タンパク質は、単一のポリペプチド内に複数の構造単位を組み込んで進化してきました。その結果、マルチドメインタンパク質は全プロテオームの大部分を占めています。マルチドメインタンパク質のドメインは、各ドメインがリボソームやタンパク質トランスロケーションチャネルから出てくる際に、それぞれのドメインが個別に、そしてベクター的に元の構造に折り畳まれることが多く、ドメイン間のミスフォールディングのリスクを低減させています。しかし、マルチドメインタンパク質の中には、非ネイティブなジスルフィド結合を持つ中間体を介して、小胞体(ER)内で非ベクター的に折り畳まれるものもあり、これらは合成後にゆっくりとネイティブな構造にシャッフルされると考えられていた。しかし、どのようにして非ベクター的に折り畳むのか、そのメカニズムは明らかになっていない。本研究では、LDL受容体(LDLR)の最N末端領域において、非ネイティブなジスルフィド結合からネイティブなジスルフィド結合へのシャッフルが、合成中の特定のタイミングで始まっていることを、二次元(二次元)ゲル電気泳動と正しく折り畳まれたドメインを認識するコンフォメーション特異的抗体を用いて明らかにした。その結果、LDLRの上流ドメインのジスルフィド結合のシャッフリングを助ける領域が同定され、その結果、LDLRの共翻訳フォールディングが促進されることが明らかになった。このように、血漿膜結合型マルチドメインタンパク質は、上流ドメインの非ベクター性フォールディングを促進する配列を進化させた。これらの知見は、哺乳類細胞の小胞体におけるマルチドメインタンパク質の非ベクター性フォールディングが、これまで考えられていた以上に協調的かつ精巧に行われていることを示している。このことは、マルチドメインタンパク質が生きた細胞の小胞体中でどのように非ベクター的に折り畳まれているのかという、これまでの見方を覆すものである。
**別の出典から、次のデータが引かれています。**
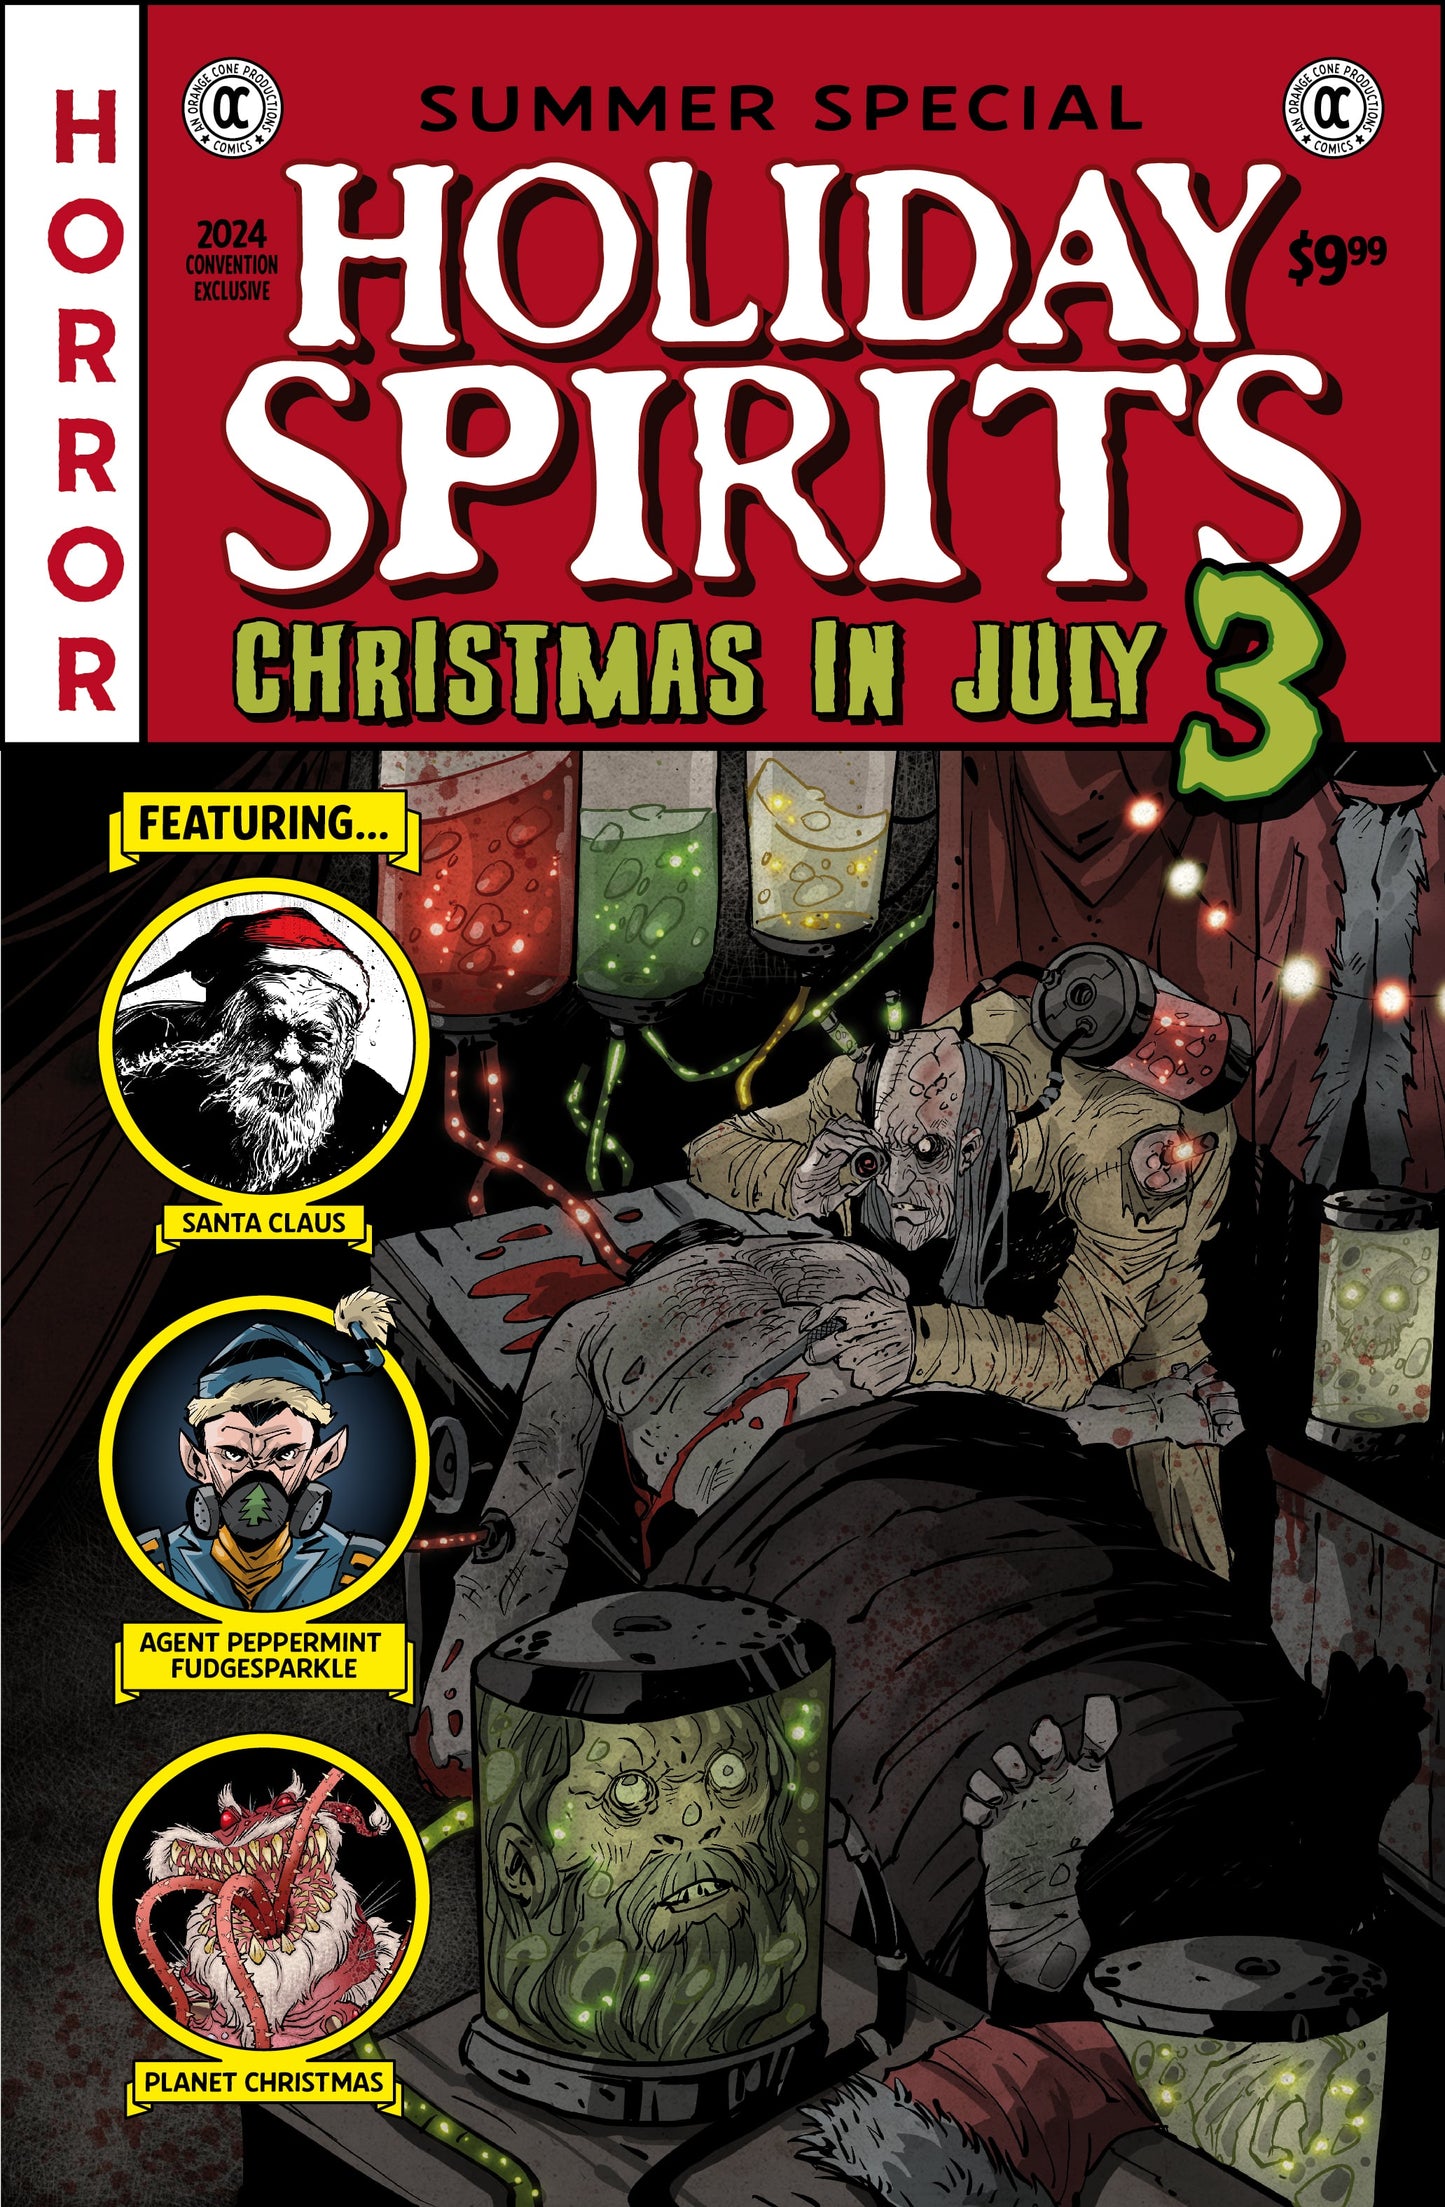 Holiday Spirits - Christmas In July 3 (Convention Special)

Proteins have evolved by incorporating several structural units within a single polypeptide. As a result, multidomain proteins constitute a large fraction of all proteomes. Their domains often fold to their native structures individually and vectorially as each domain emerges from the ribosome or the protein translocation channel, leading to the decreased risk of interdomain misfolding. However, some multidomain proteins fold in the endoplasmic reticulum (ER) nonvectorially via intermediates with nonnative disulfide bonds, which were believed to be shuffled to native ones slowly after synthesis. Yet, the mechanism by which they fold nonvectorially remains unclear. Using two-dimensional (2D) gel electrophoresis and a conformation-specific antibody that recognizes a correctly folded domain, we show here that shuffling of nonnative disulfide bonds to native ones in the most N-terminal region of LDL receptor (LDLR) started at a specific timing during synthesis. Deletion analysis identified a region on LDLR that assisted with disulfide shuffling in the upstream domain, thereby promoting its cotranslational folding. Thus, a plasma membrane-bound multidomain protein has evolved a sequence that promotes the nonvectorial folding of its upstream domains. These findings demonstrate that nonvectorial folding of a multidomain protein in the ER of mammalian cells is more coordinated and elaborated than previously thought. Thus, our findings alter our current view of how a multidomain protein folds nonvectorially in the ER of living cells.